The Rule of the Tudors 1485 - 1603

Execution was not customary in late medieval Ireland, unless public outrage were stirred, but lords could impose punishments of death or mutilation. In 1500 Maguire ordered the hanging of Melaghlin Bradach ('the thief') O'Flanagan. There were also the sanctions of exile and casting adrift. A man who was poor, or unable to summon kin or friends to redeem him, could legally be hanged by those whom he had injured. If the defendant refused to pay compensation, the plaintiff could seize his property or that of his kin, uner the rule of 'kincogish', the collective responsibility of the kin. It was this private seizure of property condemned by English legislators. But they accepted pragmatically some brehon law principles, such as 'kincogish', in their dealings with the Irishry; the two systems were not always radically estranged in practice. Brehon law began to retreat after 1541, when the king's Irish subjects came under his protection and were subject to his justice. But the notion of justice, as opposed to law, still seemed remote in some parts of Ireland and for many of its people.

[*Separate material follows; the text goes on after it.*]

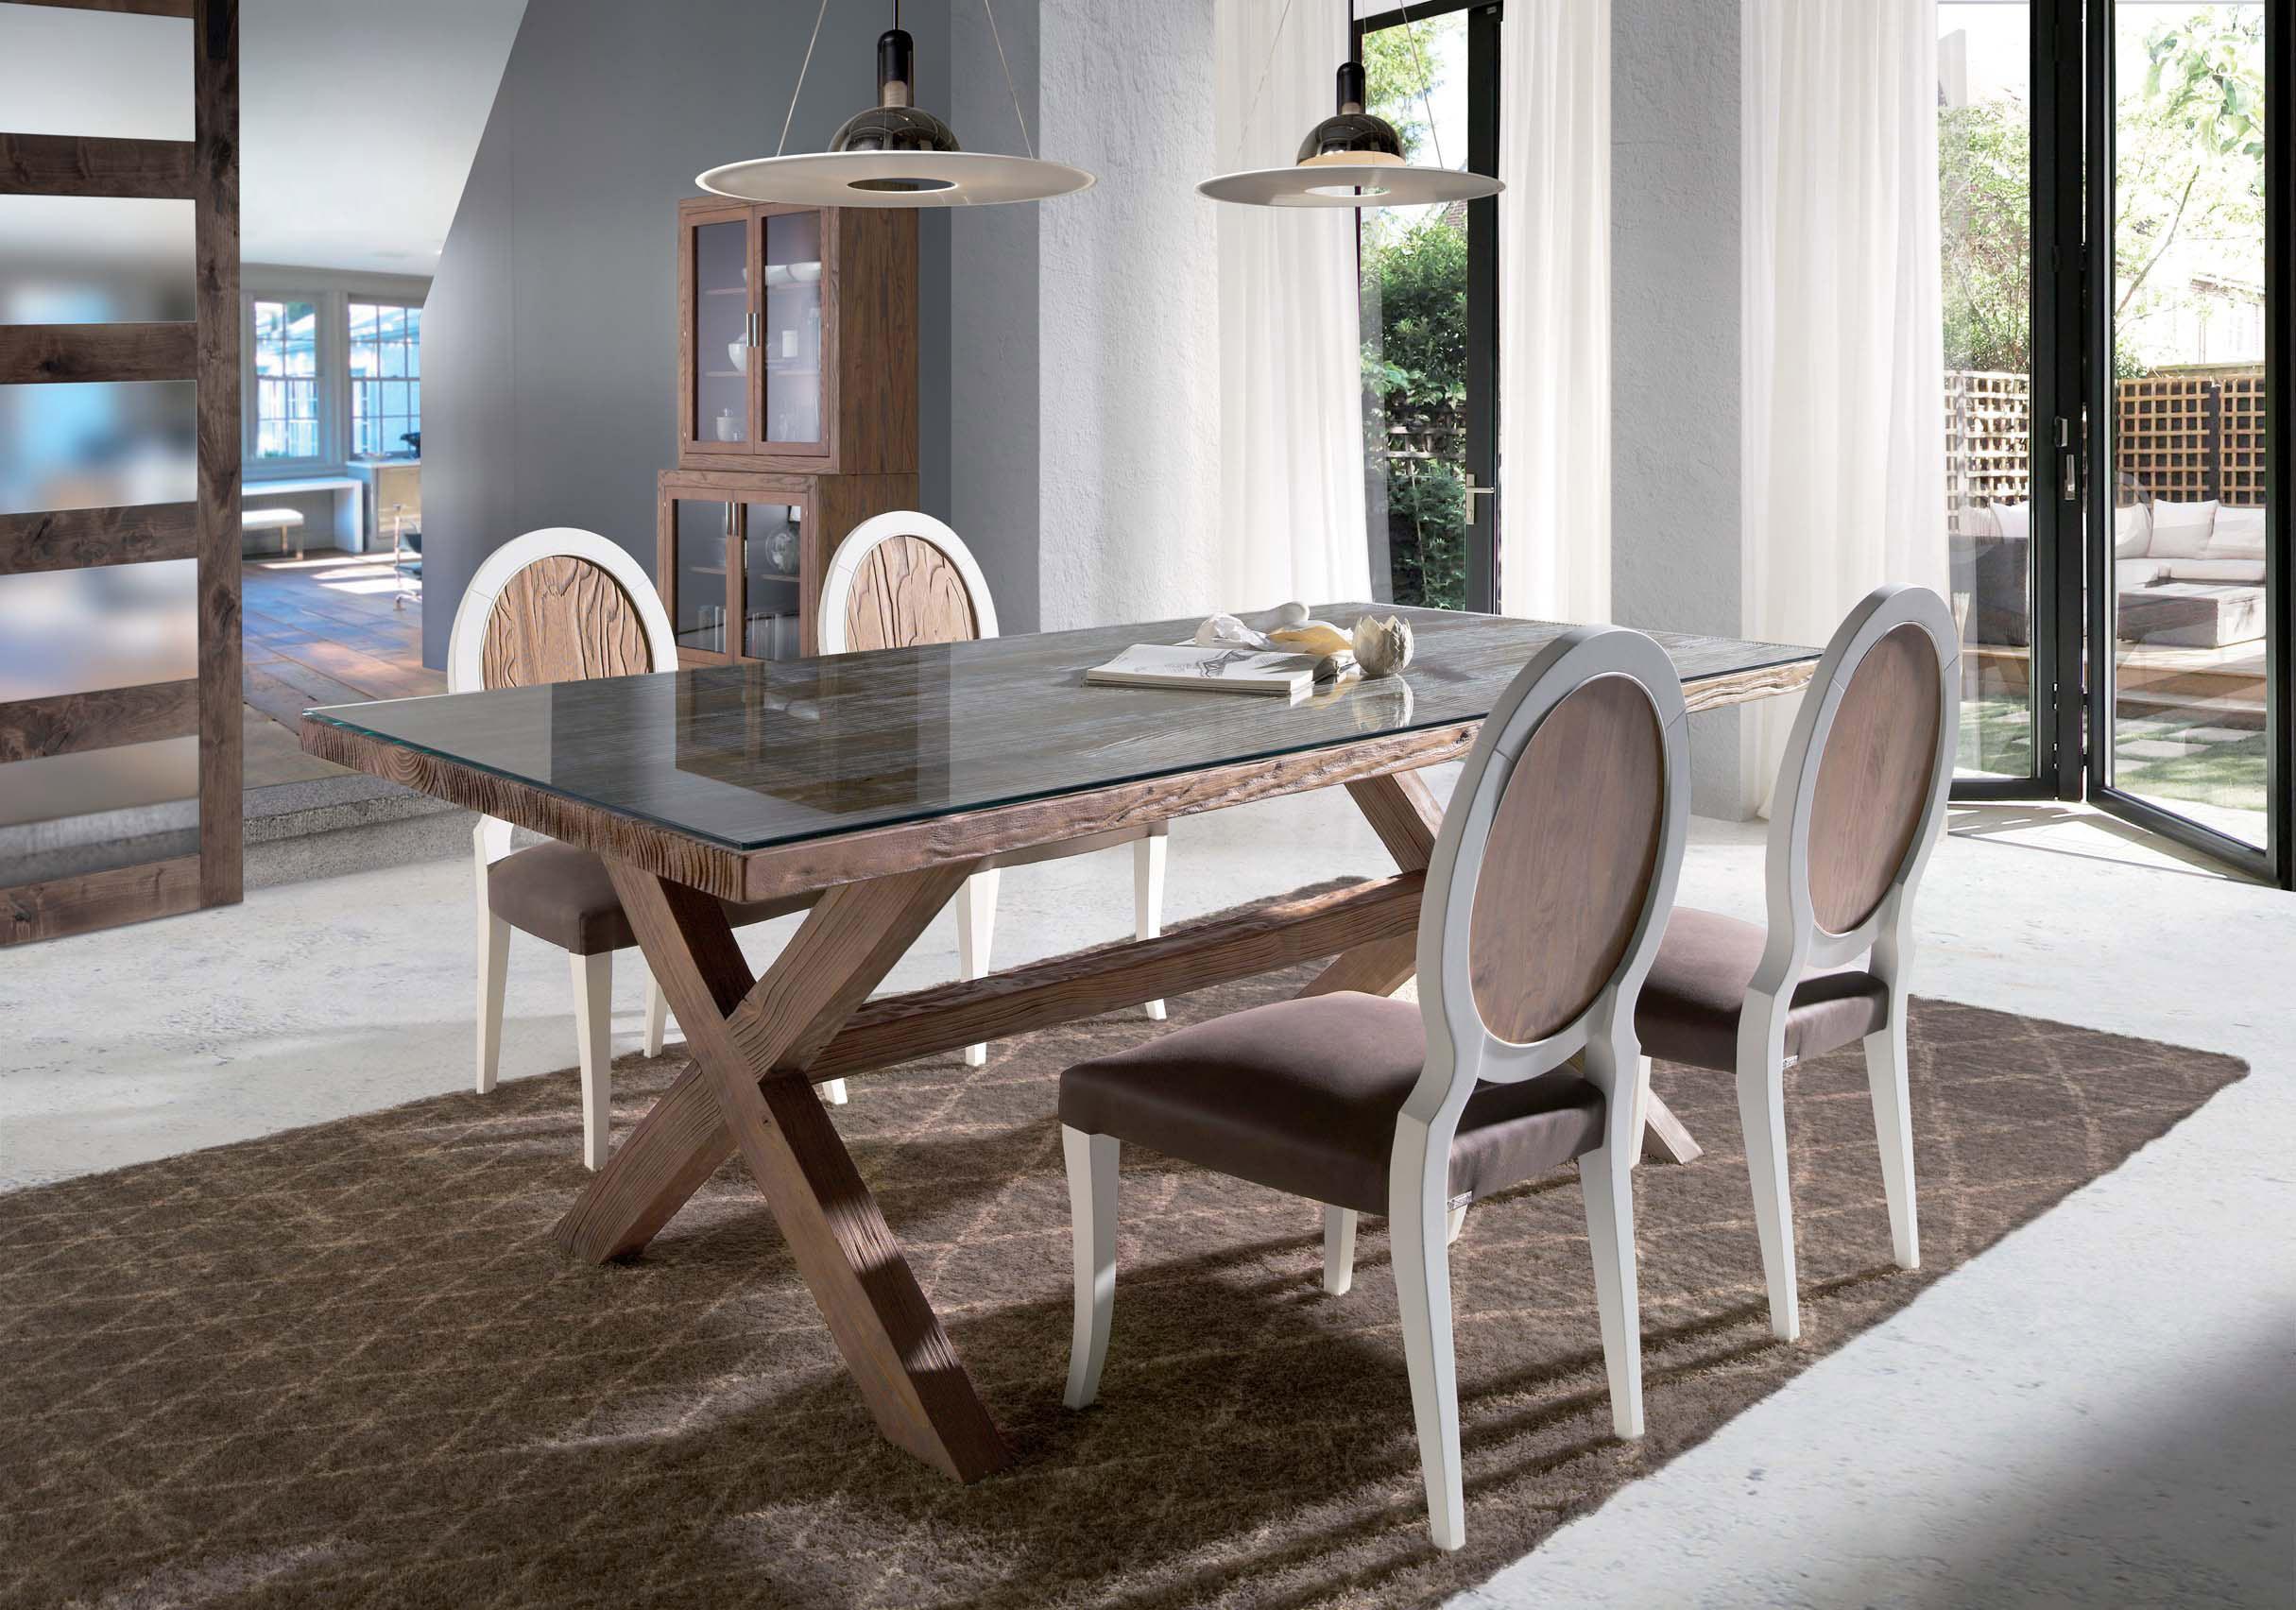 Mesas comedor con aire rstico Villalba Interiorismo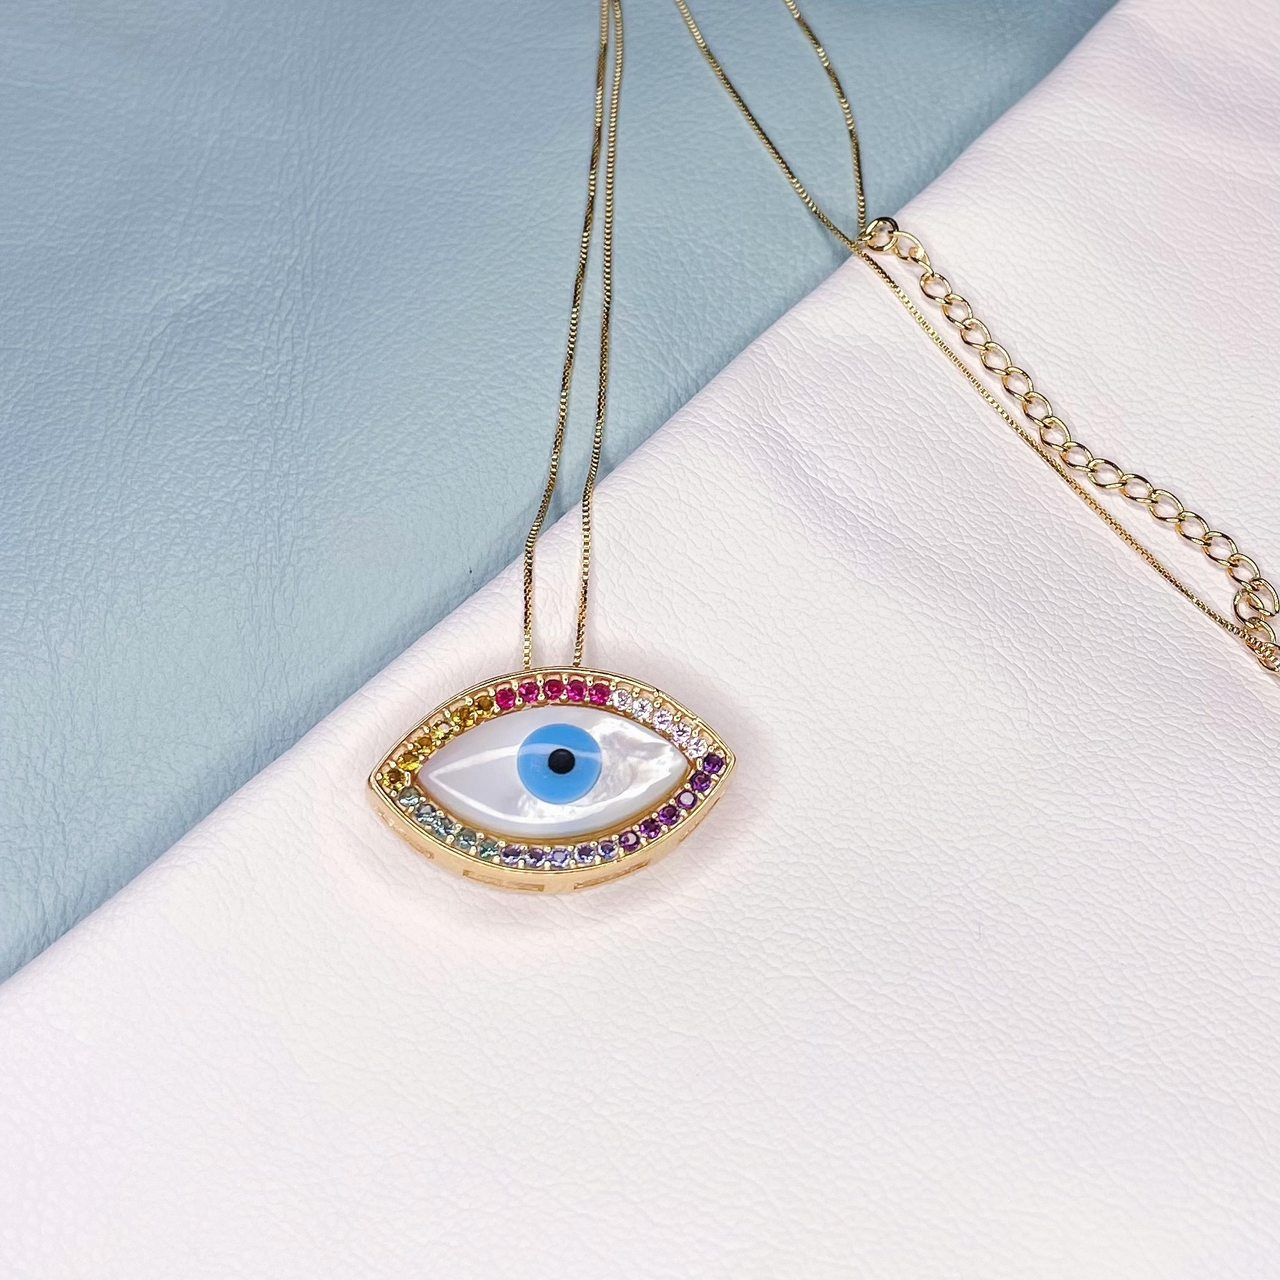 Colar Olho Grego Madre Navete Borda Zirconias Coloridas Banho Ouro

A conversation between Captain Docwra, commander of the English garrison in Derry, and Niall Garve O'Donnell at the end of the Tudor century revealed the awesome and arbitrary powers which the last generation of Gaelic lords still claimed:

'The country [of Inishowen] is mine,' saith he [O'Donnell], 'and so is all Tirconnell, and I will use and govern it to my own pleasure . . . Let the Queen do with her rights what she will, Inishowen is mine, and were there but one cow in the country, that cow would I take and use as mine own.'
'And how would you provide for the poor people to live?' said I.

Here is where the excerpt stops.